1. Consider the Albatross Company that has $1 million of assets, which are currently financed
using 40 percent debt and 60 percent equity. Suppose Albatross were to acquire $0.5 million
of additional assets, but can select between two financing alternatives: all debt, borrowing
at 5%, or all equity, issuing 1 million new shares. What is the debt-equity ratio for each
alternative financing arrangement?

2. Consider two firms, A and B:

Firm A Firm B
Discount rate for earnings stream 10% 12%
Discount rate for risk-free debt earnings 5% 8%
Earnings before additional interest $100 $200

Alternative 1
Debt $0 $0

Alternative 2
Debt $500 $1,000

Assume that the tax rate is 0%. Calculate the capitalization rate for earnings for each firm
and for each alternative financing arrangement. In addition, calculate the value of equity
and debt in each case.

3. Explain why interest deductibility would encourage companies to use debt financing.

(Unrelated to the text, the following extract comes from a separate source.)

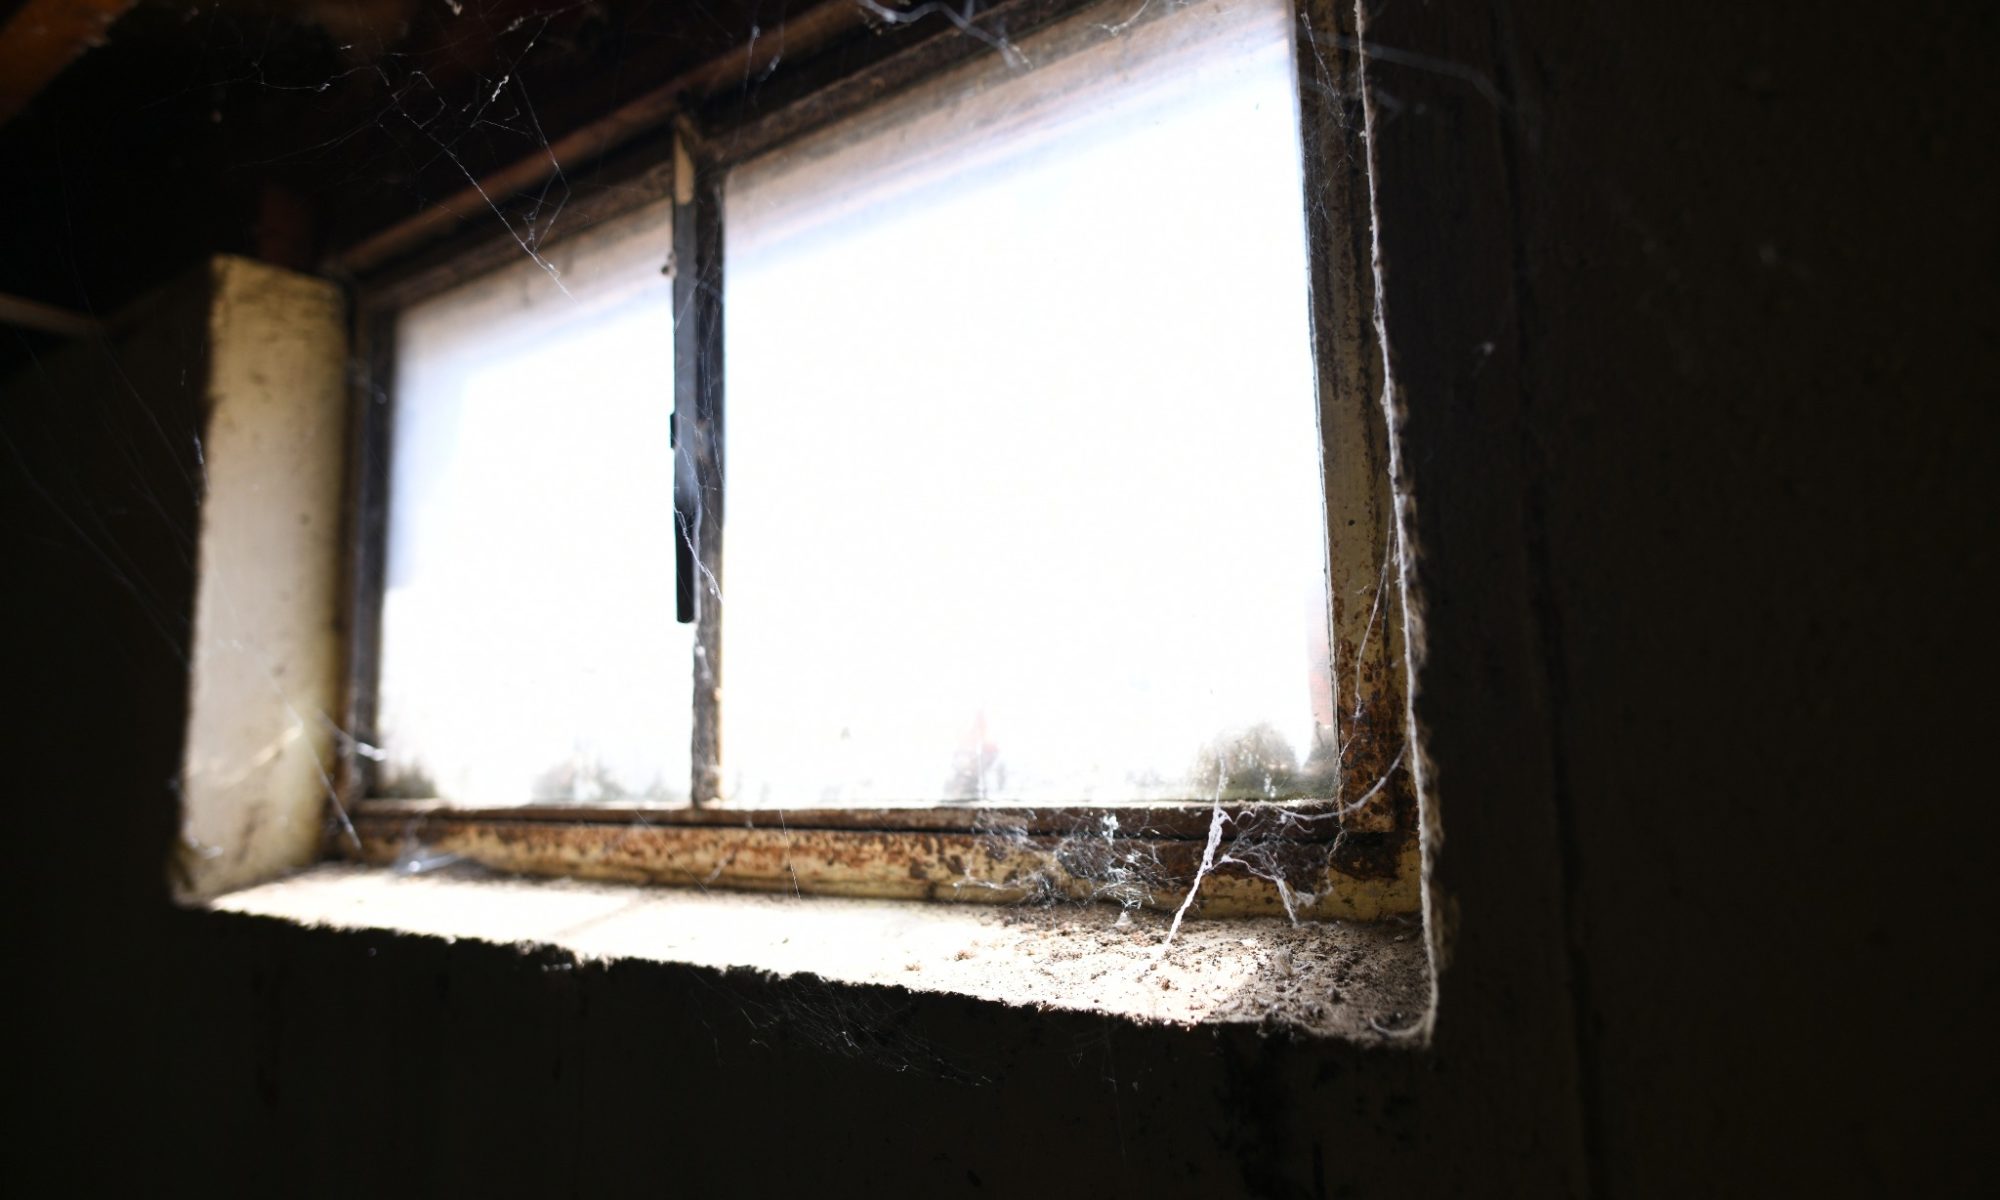 A basement window with cobwebs.
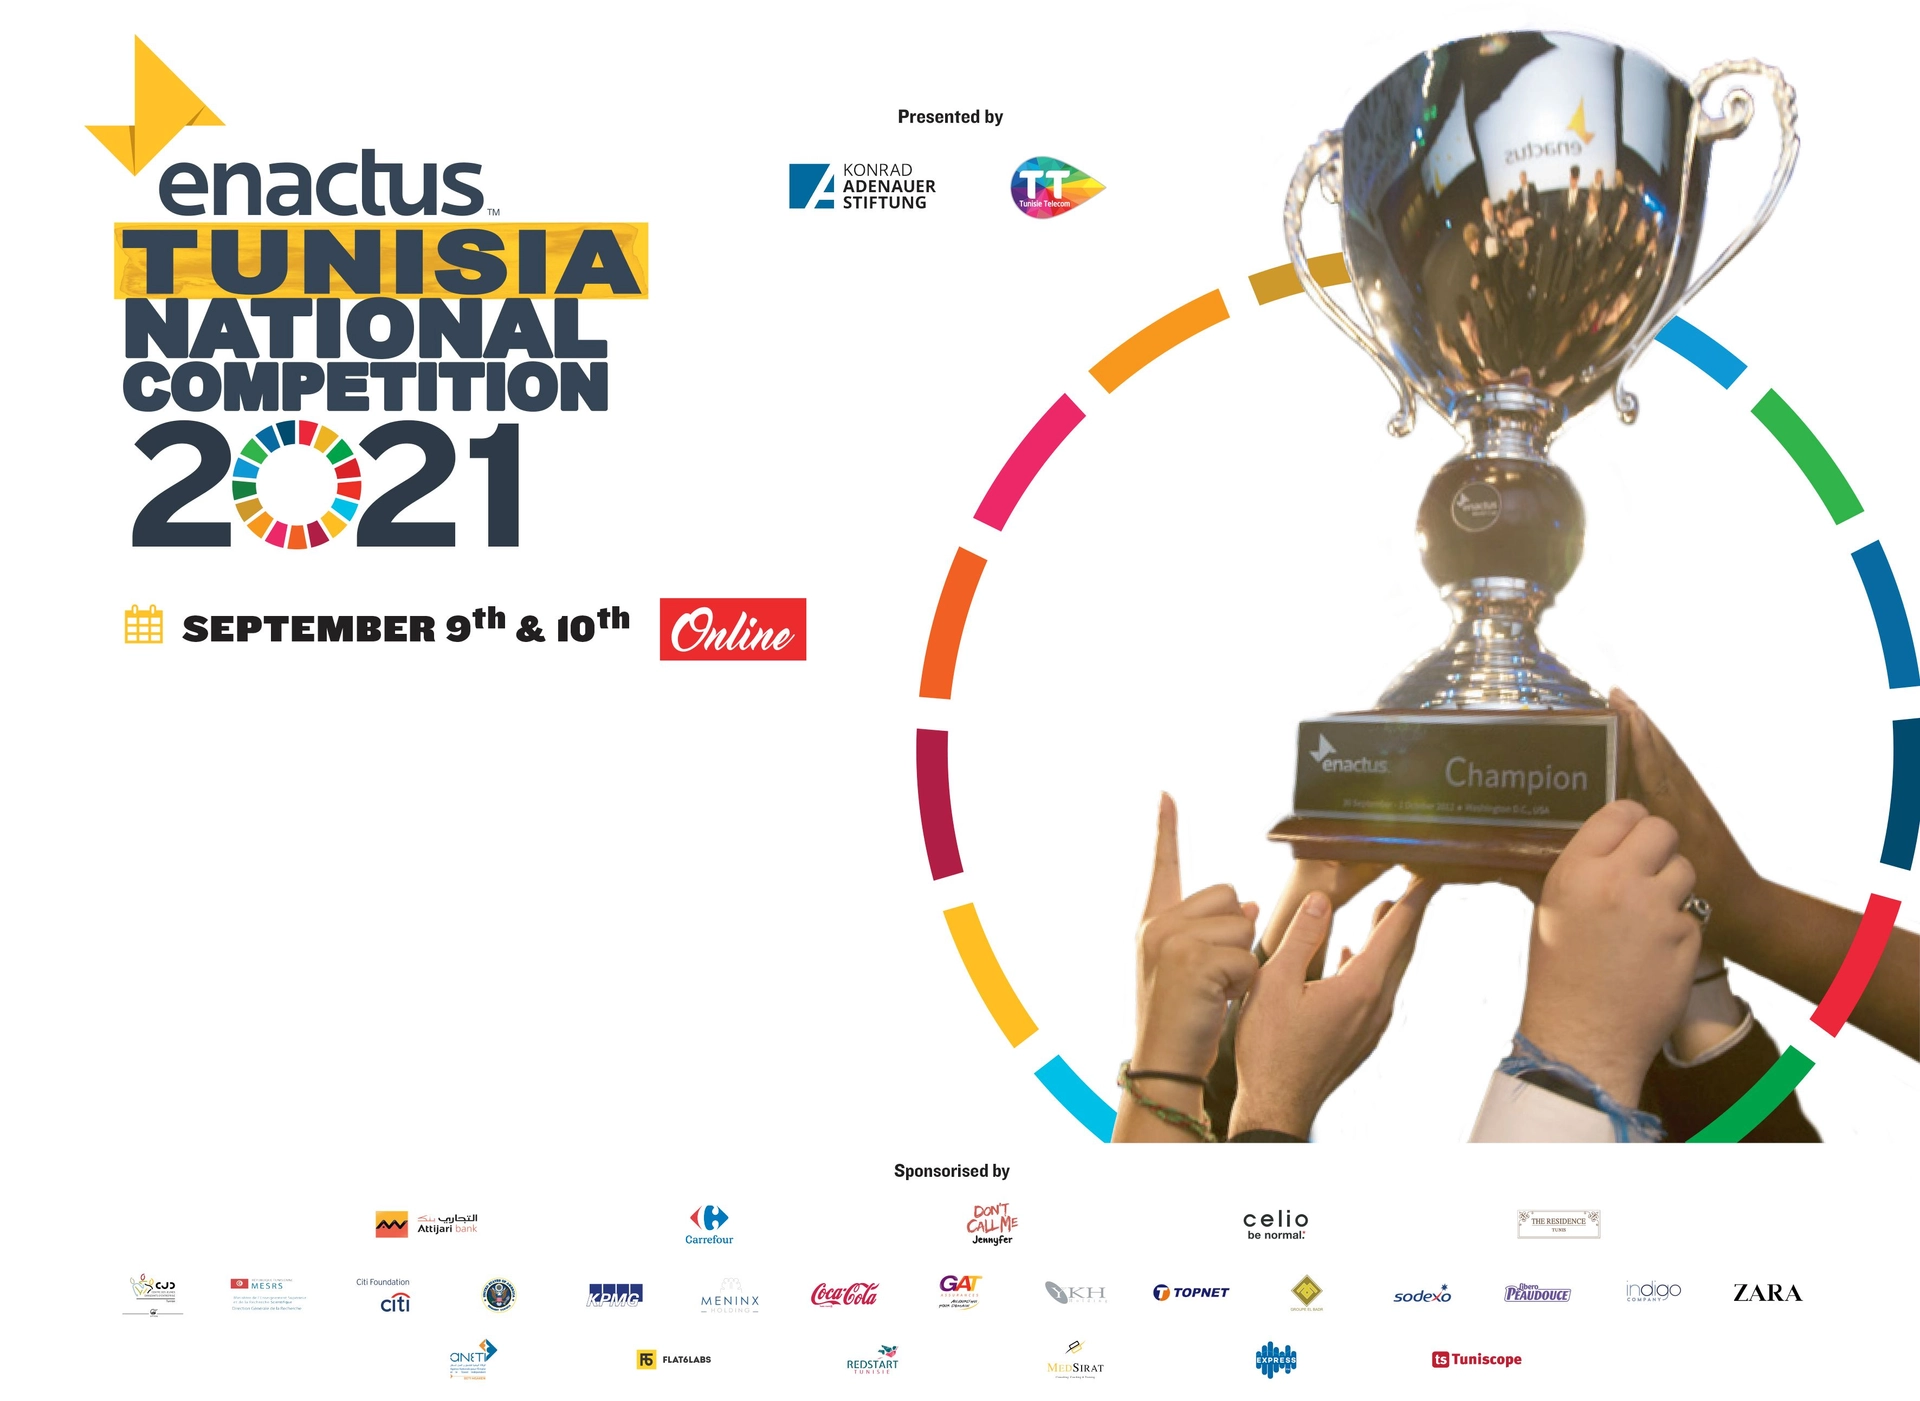 Enactus Tunisia National Competition 2021

4. Explain how each of the following affects the capital structure decision:
a. Interest deductibility
b. Likelihood of bankruptcy
c. Limited liability
d. Net operating loss carryovers

5. The ABC Company has a current capital structure consisting of $100,000 of 10% coupon
debt and $300,000 of equity. ABC wants to raise $100,000 of capital by either selling
additional shares of stock or issuing debt. There is currently 30,000 shares of stock
outstanding and ABC expects to pay 10% interest per year. ABC expects operating earnings
of $30,000 in the following year.
a. What is ABC’s debt ratio under each of the two financing alternatives?
b. If interest on debt is not deductible by ABC, what is the distribution of next year’s
$30,000 among claimants?
c. If interest on debt is deductible by ABC, and ABC has a tax rate of 30%, what is the
distribution of next year’s $30,000 among claimants (including the government)?
d. Suppose ABC’s probability distribution of next year’s earnings is as follows:

Operating
Scenario Probability earnings
Good 25% $50,000
Normal 50% $30,000
Bad 25% $0

What is ABC’s expected earnings to owners and standard deviation of earnings to


owners under the two alternatives? Assume that there are no taxes.